Bentley Systems (BSY) Reported the 13th Quarter of Double-Digit ARR Growth

Yahoo28-07-2025
Conestoga Capital Advisors, an asset management company, released its second-quarter 2025 investor letter. A copy of the letter can be downloaded here. The second quarter began with a historically poor start but gained momentum later as tariff fears subsided and market volatility dropped precipitously. Conestoga Mid Cap Composite returned 3.46% net-of-fees in the quarter, trailing the Russell Mid Cap Growth Index's 18.20% return. After a strong first quarter in 2025, investor enthusiasm shifted towards high-beta and AI stocks following the "Liberation Day" announcements, creating a narrow leadership group that posed challenges for the Mid Cap Strategy in the second quarter.
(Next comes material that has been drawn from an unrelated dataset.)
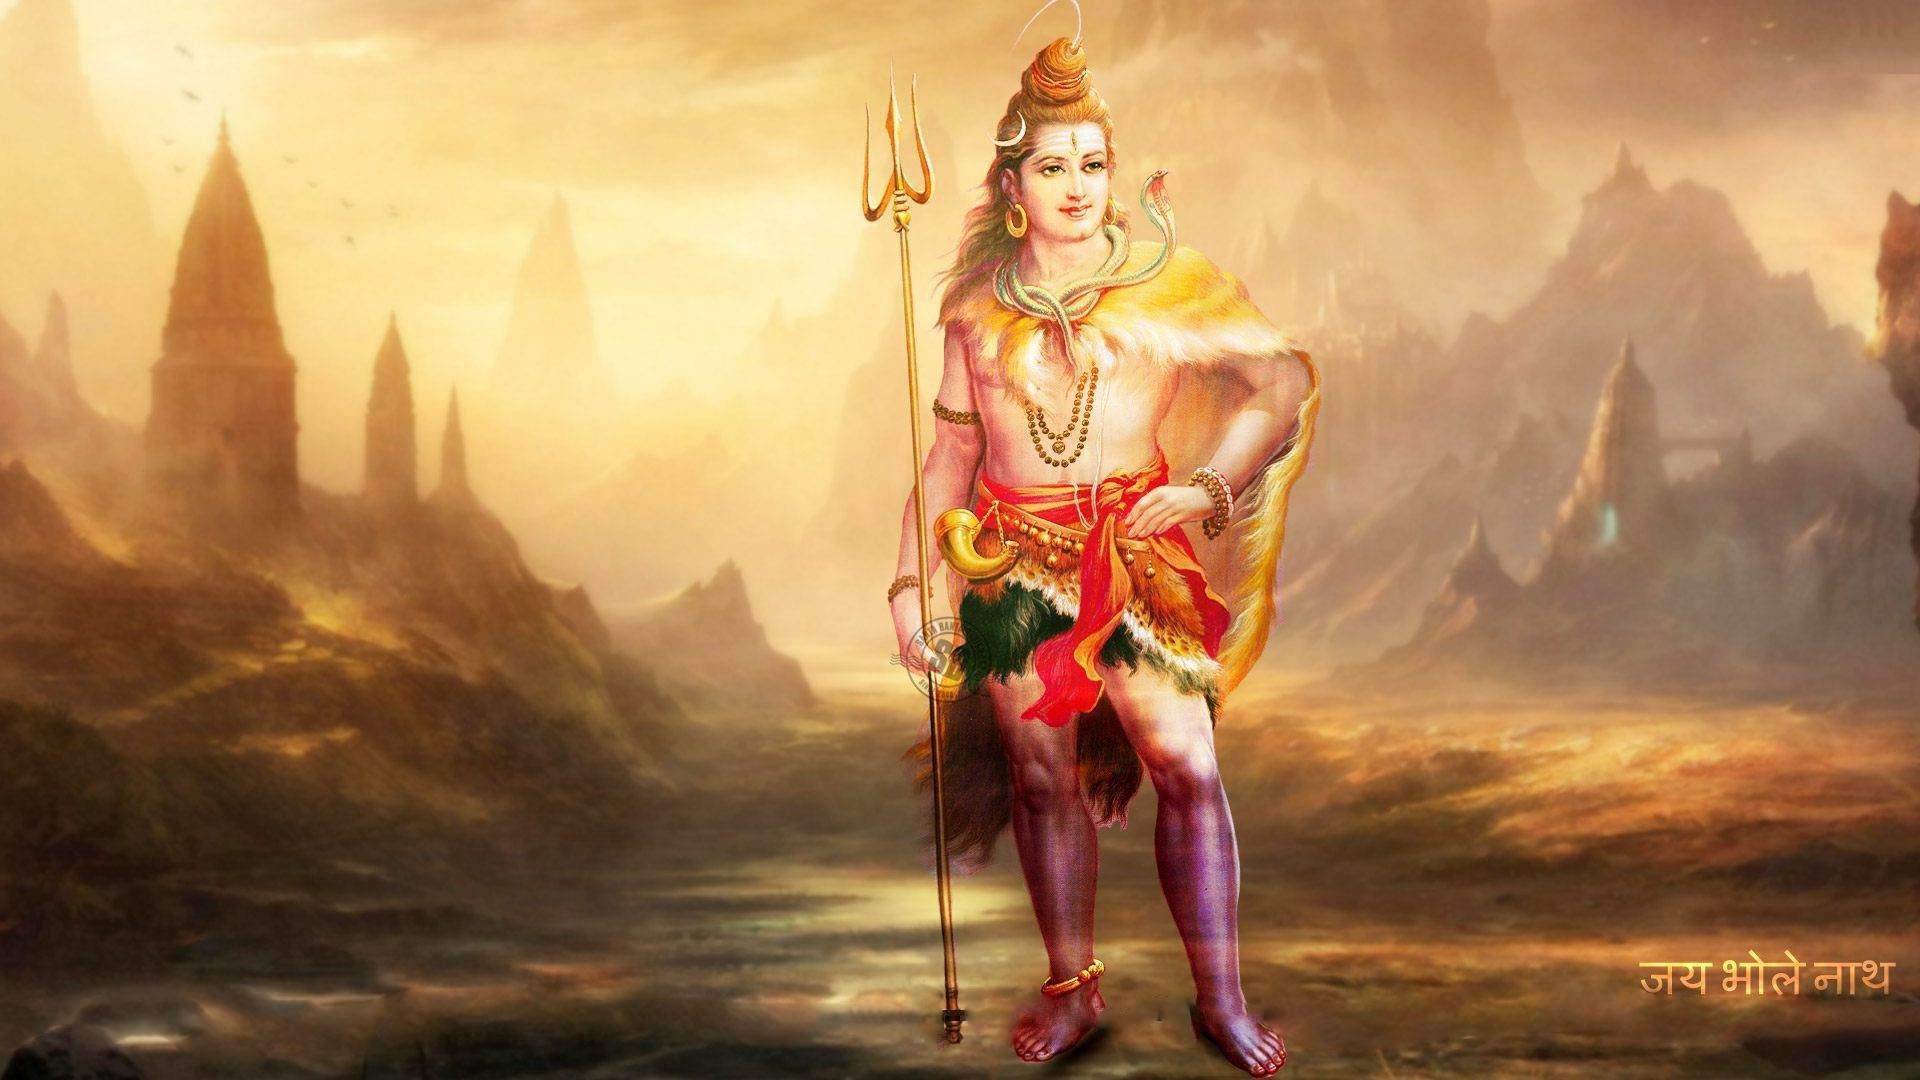 Lord Shiva Hd Wallpapers 1080p | Hindu Gods and Goddesses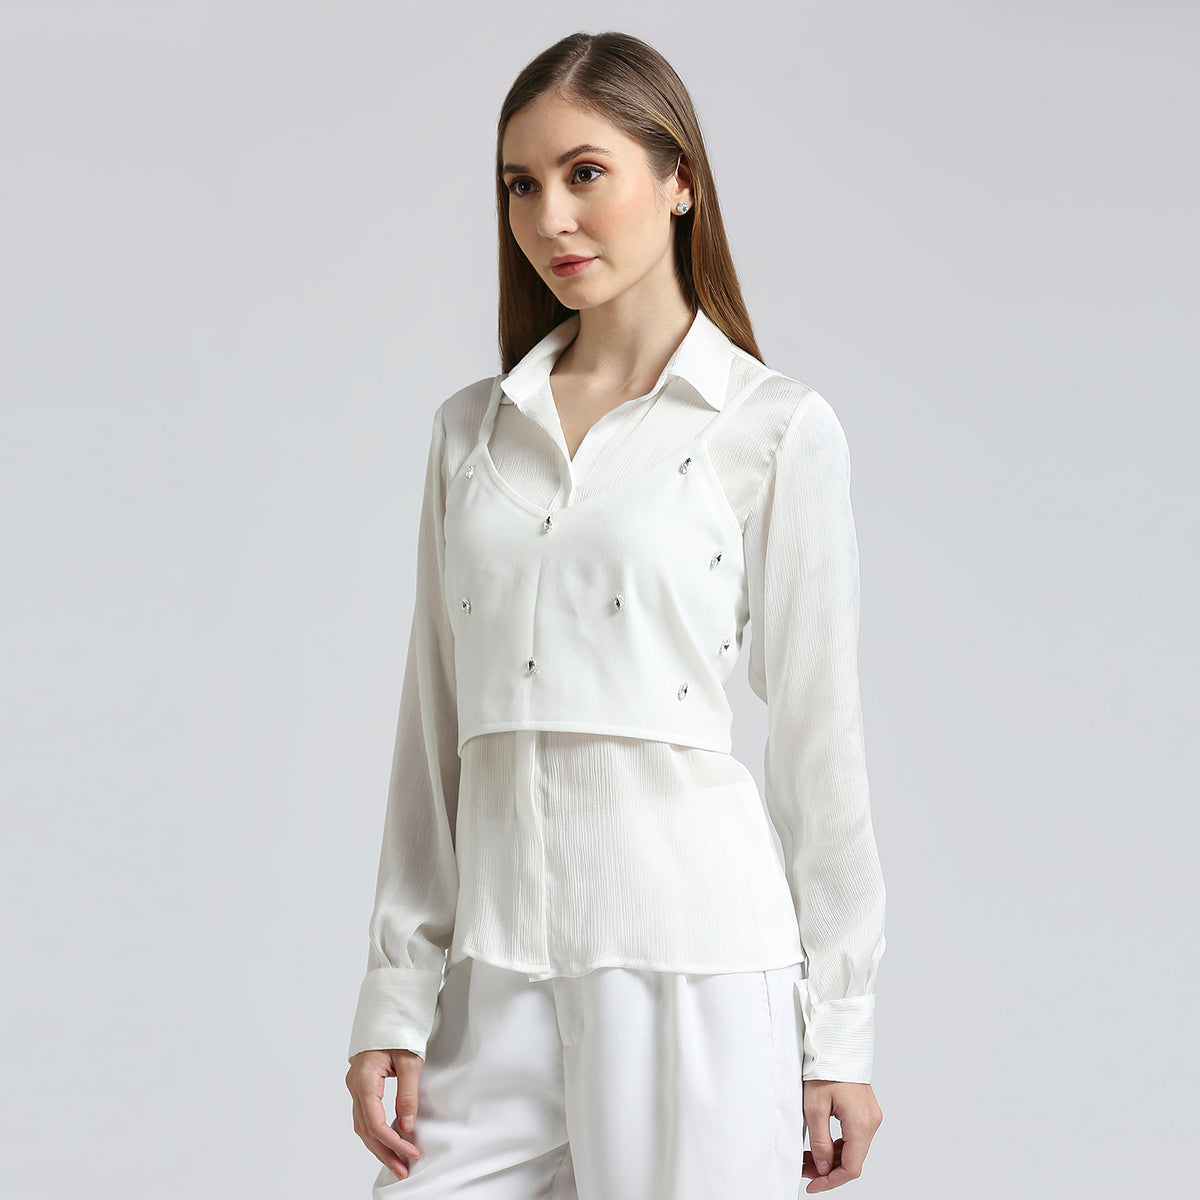 White Soft Chiffon Shirt With Embellished Crop

Please review the fund's top 5 holdings to gain insight into their key selections for 2025.
In its second quarter 2025 investor letter, Conestoga Capital Advisors highlighted stocks such as Bentley Systems, Incorporated (NASDAQ:BSY). Bentley Systems, Incorporated (NASDAQ:BSY) is an infrastructure engineering software solutions provider. The one-month return of Bentley Systems, Incorporated (NASDAQ:BSY) was 8.56%, and its shares gained 20.63% of their value over the last 52 weeks. On July 25, 2025, Bentley Systems, Incorporated (NASDAQ:BSY) stock closed at $58.59 per share, with a market capitalization of $17.775 billion.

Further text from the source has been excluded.